Common Pitfalls or Misconceptions

• Cy5-UTP is not compatible with in vivo RNA labeling due to poor cell permeability and potential cytotoxicity.
• It is not suitable for direct incorporation by all RNA polymerases; efficiency is validated mainly for T7, SP6, and T3 polymerases.
• Prolonged storage in aqueous solution can lead to hydrolysis and decreased fluorescence intensity; strict storage at -70°C is required.
• Cy5-UTP-labeled RNA may not be suitable for downstream enzymatic reactions requiring natural UTP for proper structure or recognition.
• High ratios of Cy5-UTP to natural UTP may inhibit polymerase activity; optimal ratios must be empirically determined.

Workflow Integration & Parameters

Cy5-UTP (B8333, APExBIO) is supplied as a triethylammonium salt, readily soluble in water. For in vitro transcription, recommended protocols use a final Cy5-UTP:UTP ratio of 1:2 to 1:4, optimizing both labeling density and transcript yield. Standard reaction conditions: 37°C, 1–2 hours, in T7 RNA polymerase buffer pH 7.5–8.0.

Following transcription, Cy5-labeled RNA probes can be purified by standard phenol-chloroform extraction or spin column methods. The Cy5 fluorophore enables direct detection on agarose or polyacrylamide gels with a UV transilluminator set to 650 nm excitation.

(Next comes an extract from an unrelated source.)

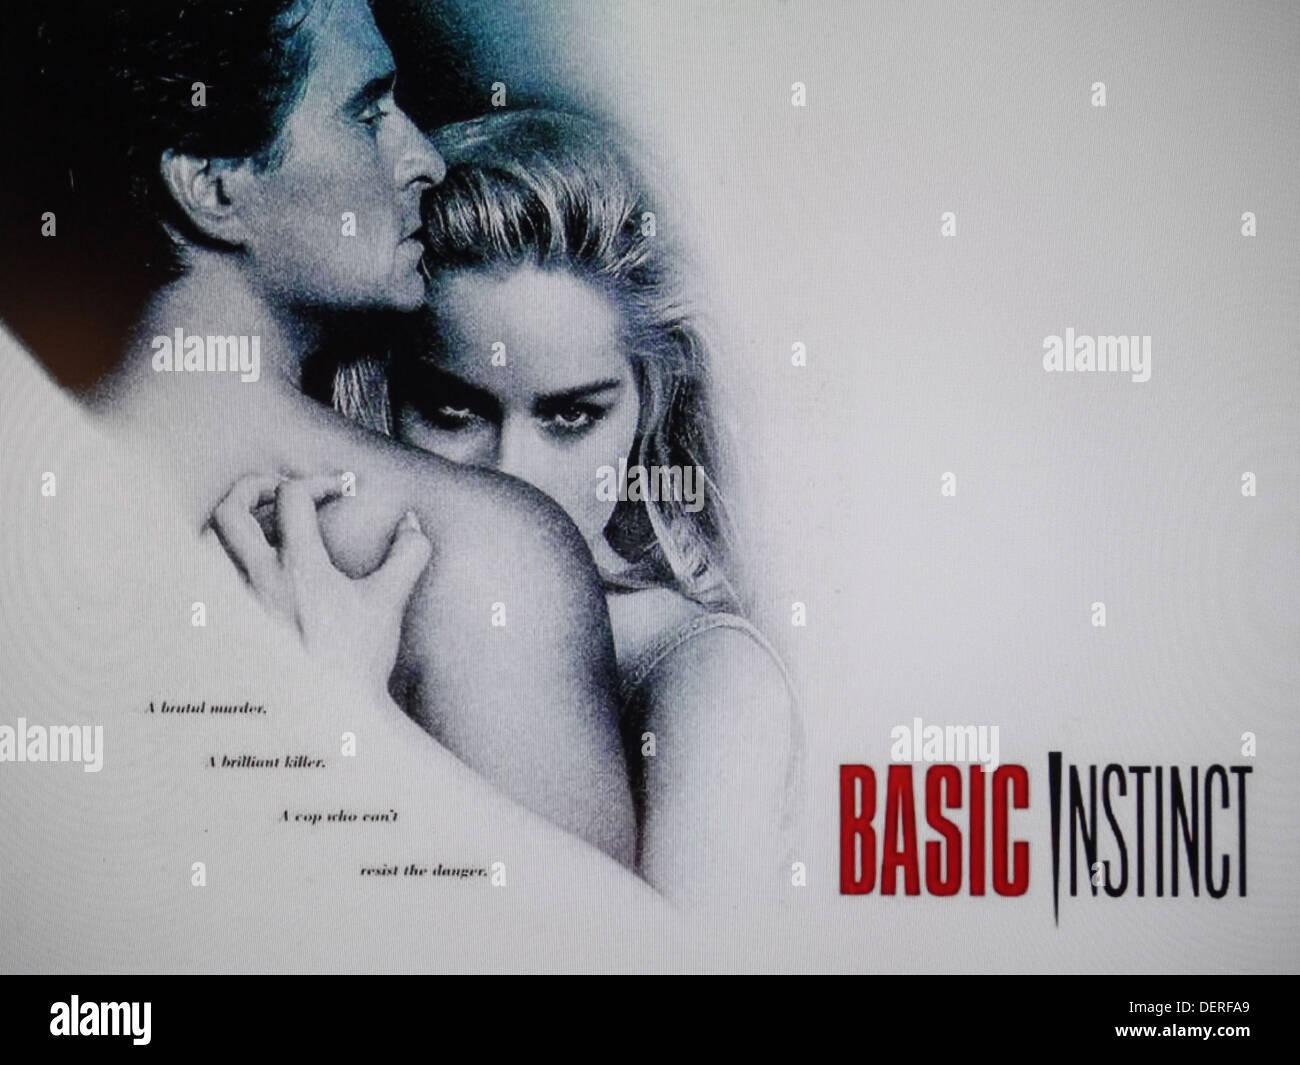 Basic Instinct Film Stockbild

For FISH, hybridization protocols are compatible with standard formamide-based buffers. Cy5-UTP-labeled probes are stable under denaturing and hybridization conditions, provided light exposure is minimized. Shipping with dry ice and long-term storage at -70°C is required to maintain fluorescence.

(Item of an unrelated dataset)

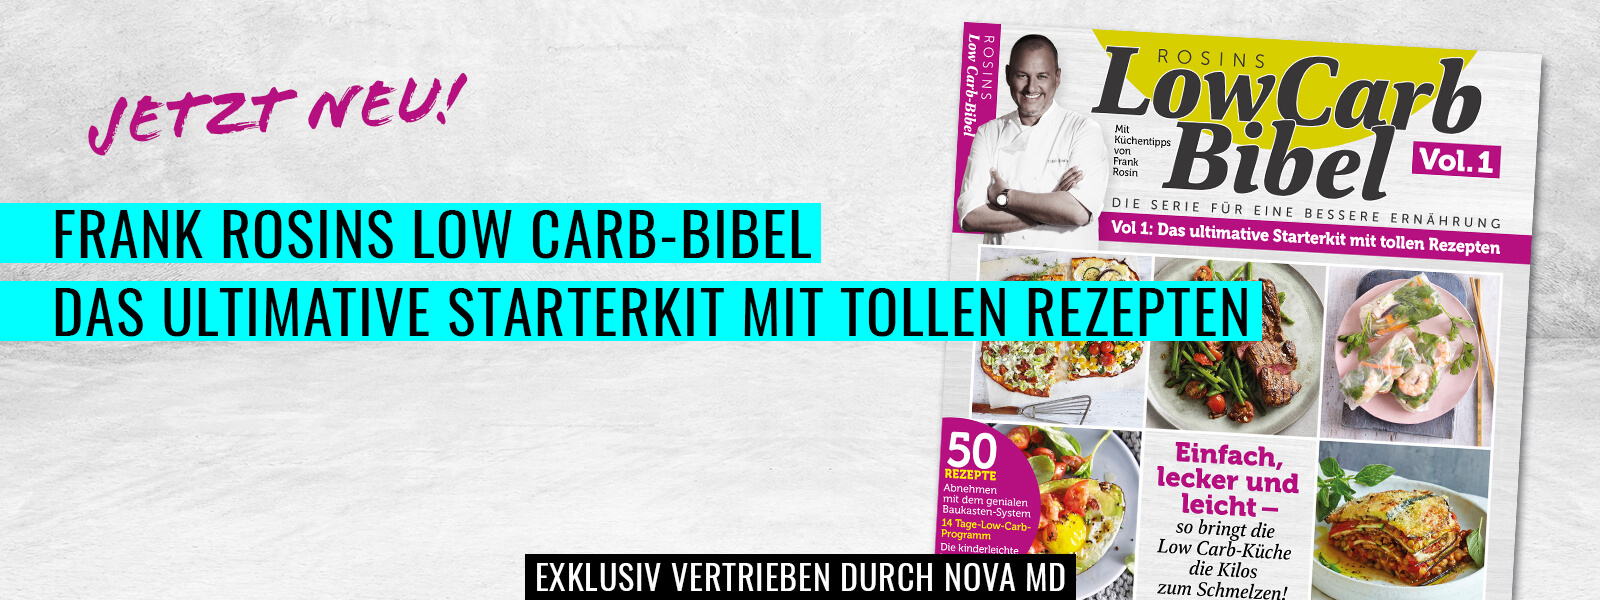 Frank Rosins Low Carb Bibel

For further workflow strategies and competitive benchmarking, see Cy5-UTP: Advanced Fluorescent UTP for RNA Labeling and In Situ Hybridization, which benchmarks labeling efficiency against alternative fluorophores and details troubleshooting tips not covered in this review.

Conclusion & Outlook

Cy5-UTP (Cyanine 5-UTP), as supplied by APExBIO, enables precise, high-sensitivity fluorescent labeling of RNA for molecular biology research. Its chemical architecture ensures efficient polymerase incorporation, preserved fluorescence, and broad compatibility with FISH, expression arrays, and RNA–protein interaction studies. Recent peer-reviewed studies validate its performance in advanced applications such as phase separation and condensate modulation (Jiang et al., 2024). To integrate Cy5-UTP into your experimental pipeline, refer to the product specifications and protocols provided at the Cy5-UTP product page.